··· PROVIDED MATERIAL ···
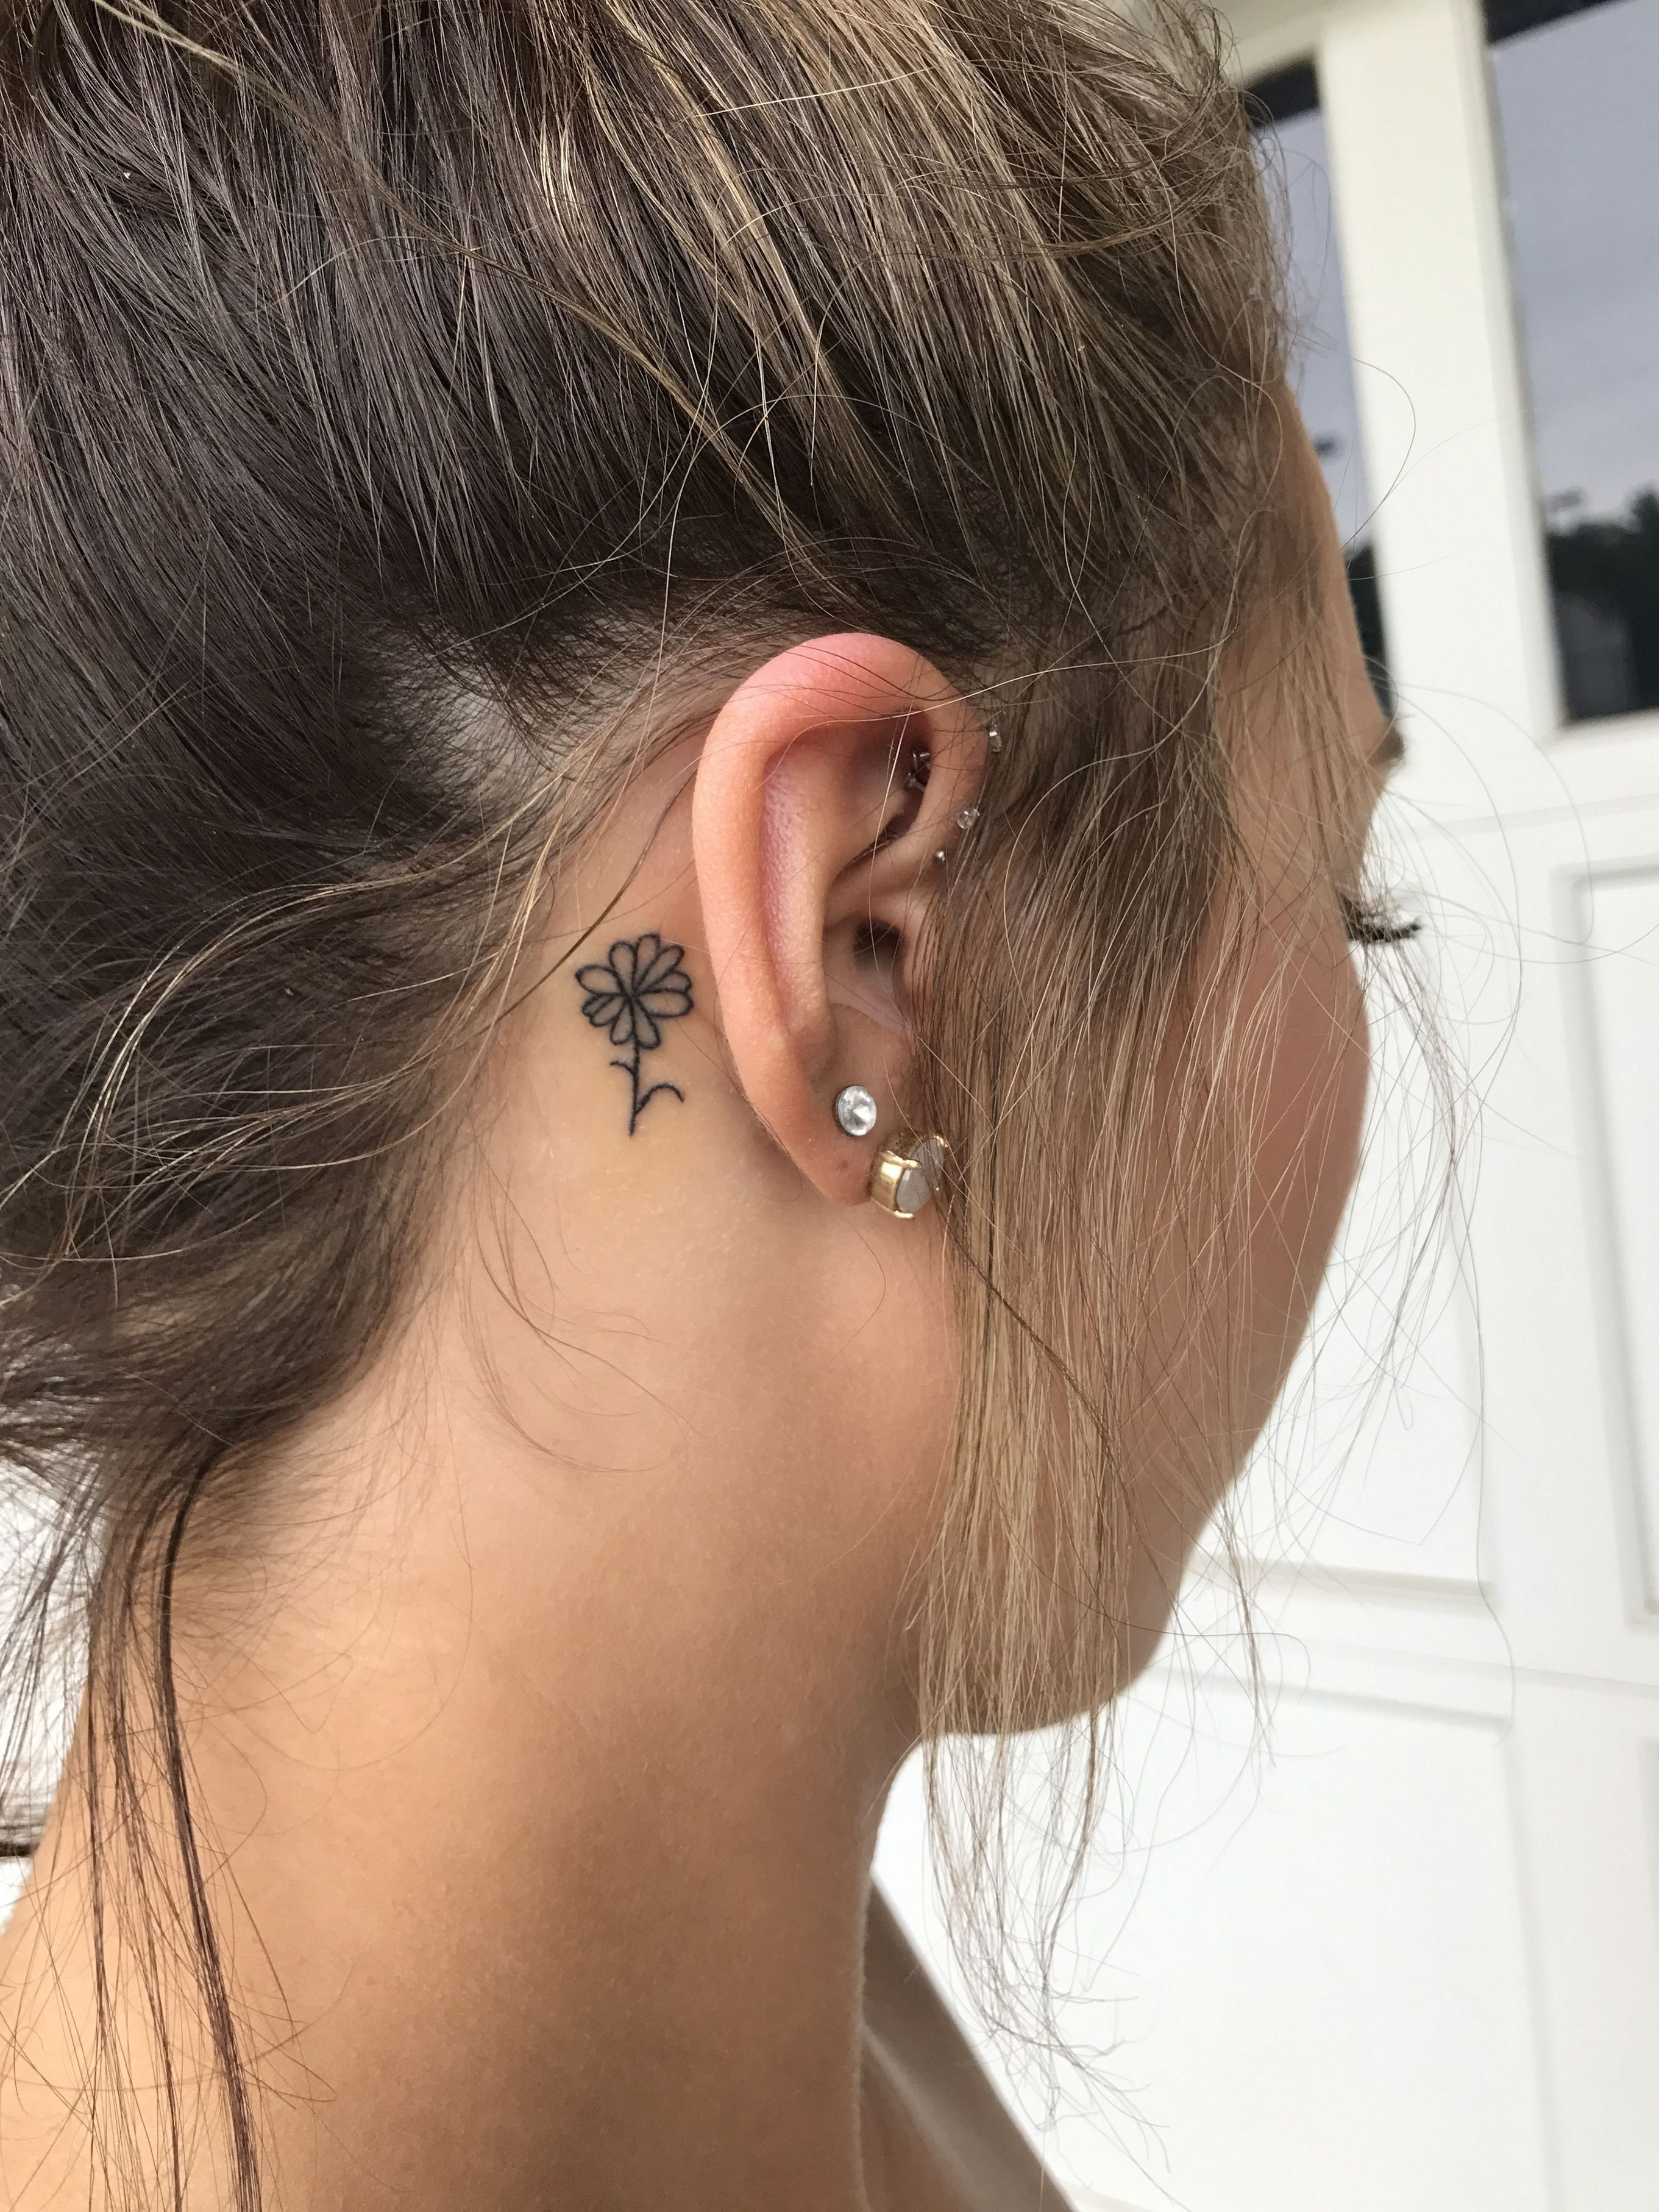 Piercing names body   inspiration for cute simple mini flower tattoo ideas  Tattoos
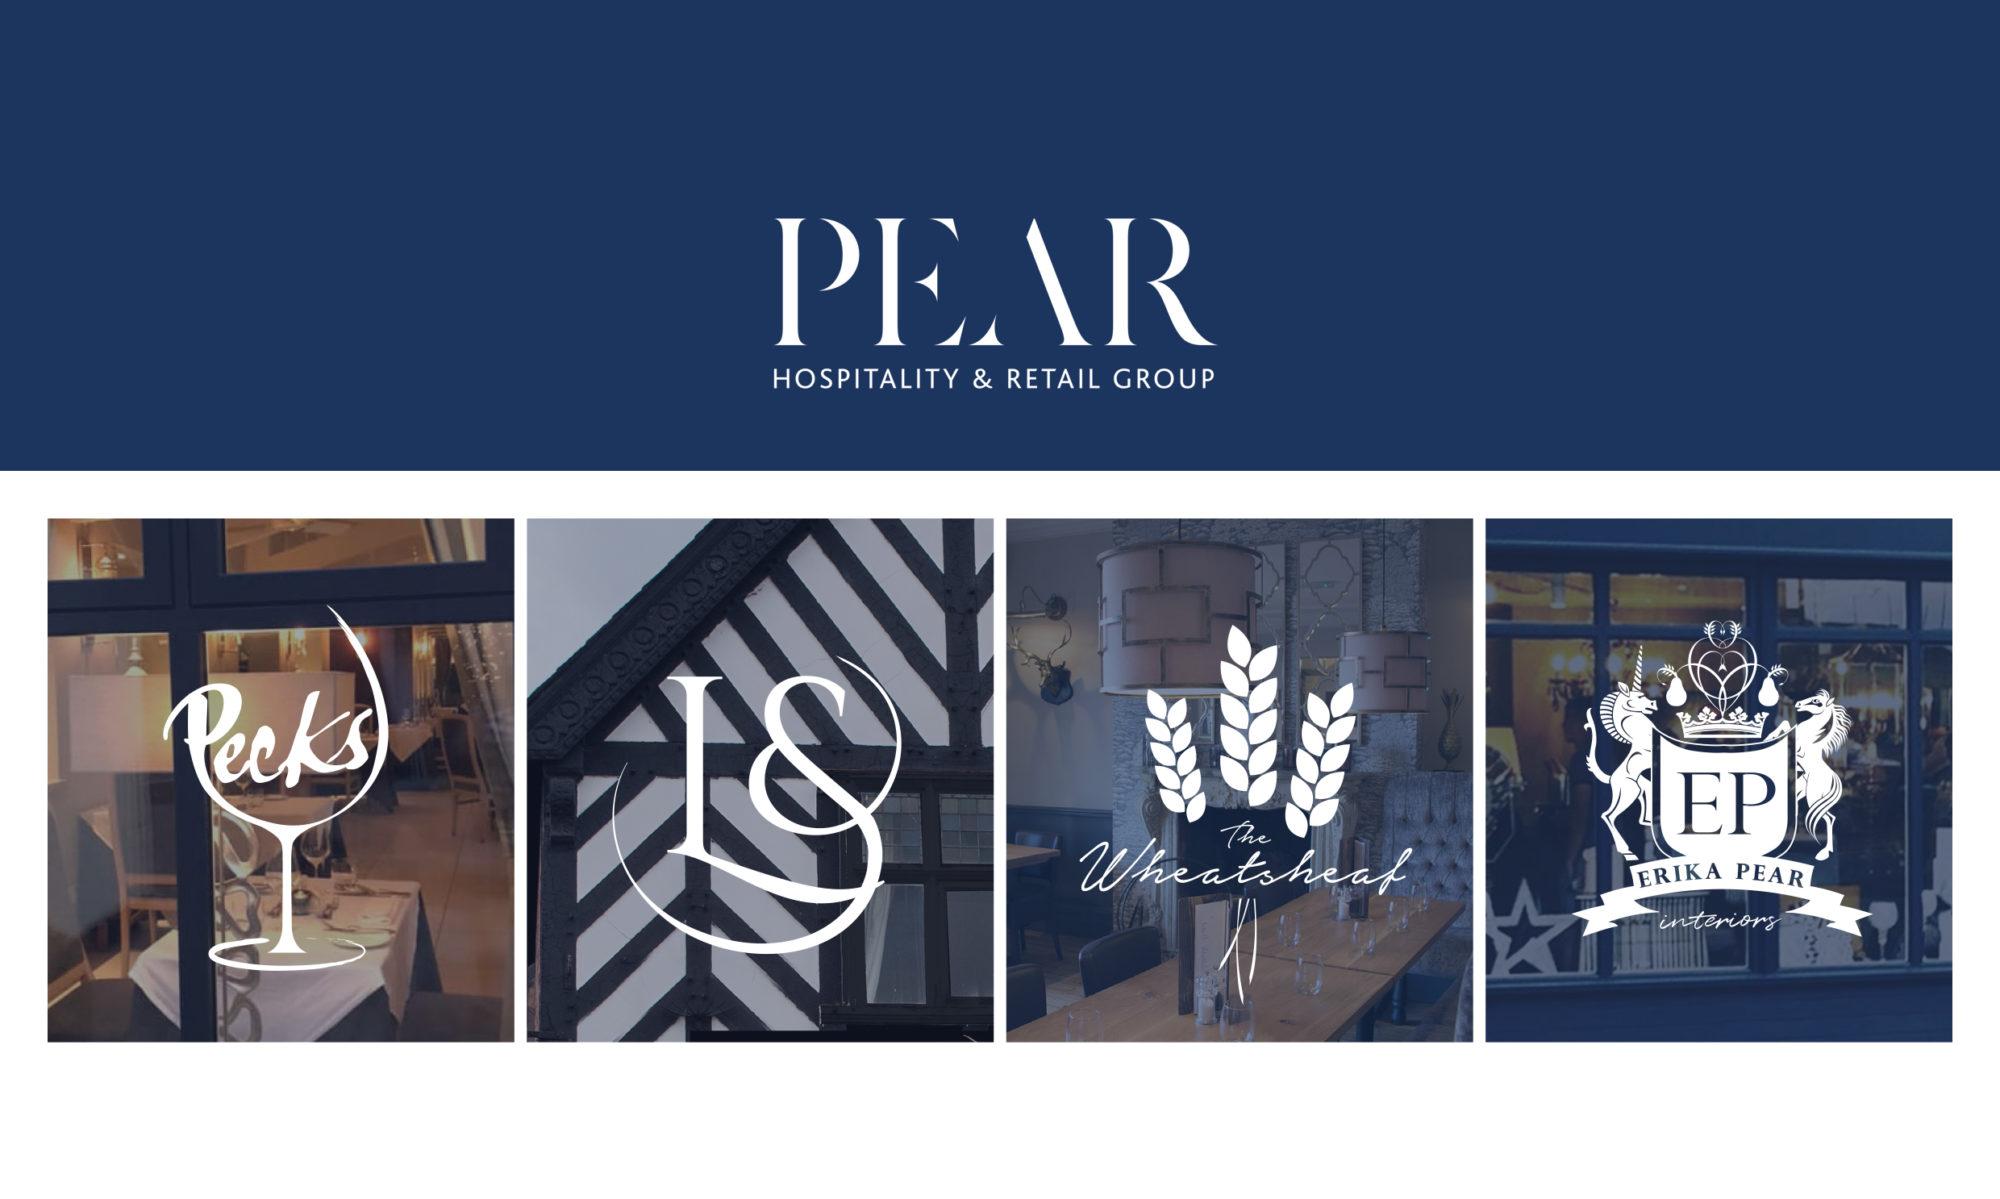 Pear Hospitality & Retail Holdings Ltd
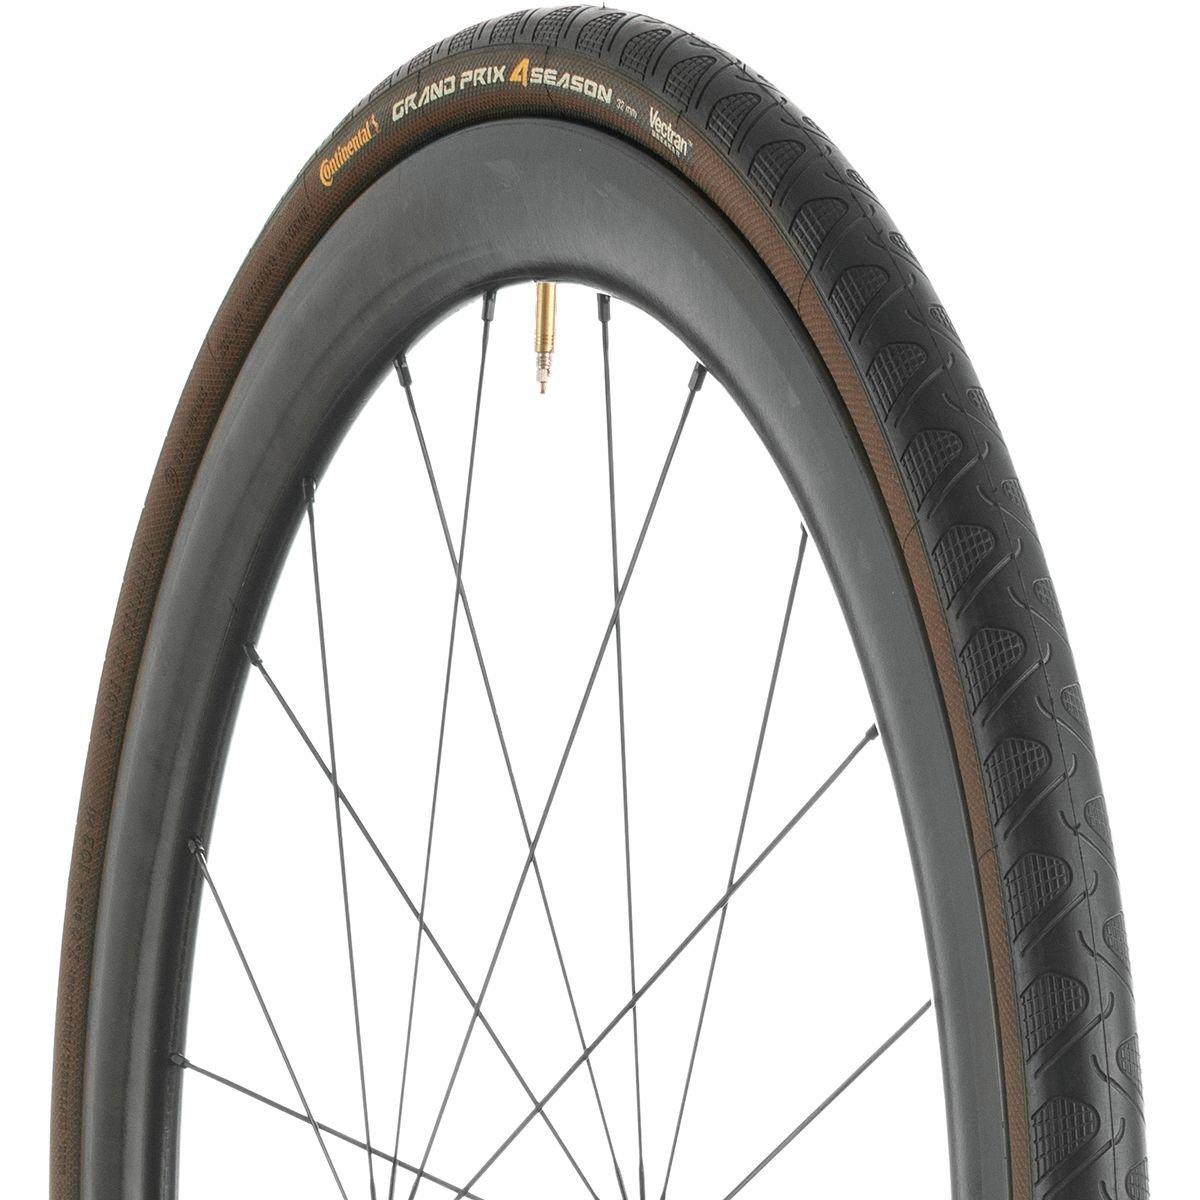 Continental Grand Prix 4 Season Tire - Clincher Black-Duraskin, 700c x 28mm
···
> WHAT YOU WILL DO
Leave out the pictures; repeat the data exactly.

> WRITTEN RESPONSE
 Piercing names body   inspiration for cute simple mini flower tattoo ideas  Tattoos
 Pear Hospitality & Retail Holdings Ltd
 Continental Grand Prix 4 Season Tire - Clincher Black-Duraskin, 700c x 28mm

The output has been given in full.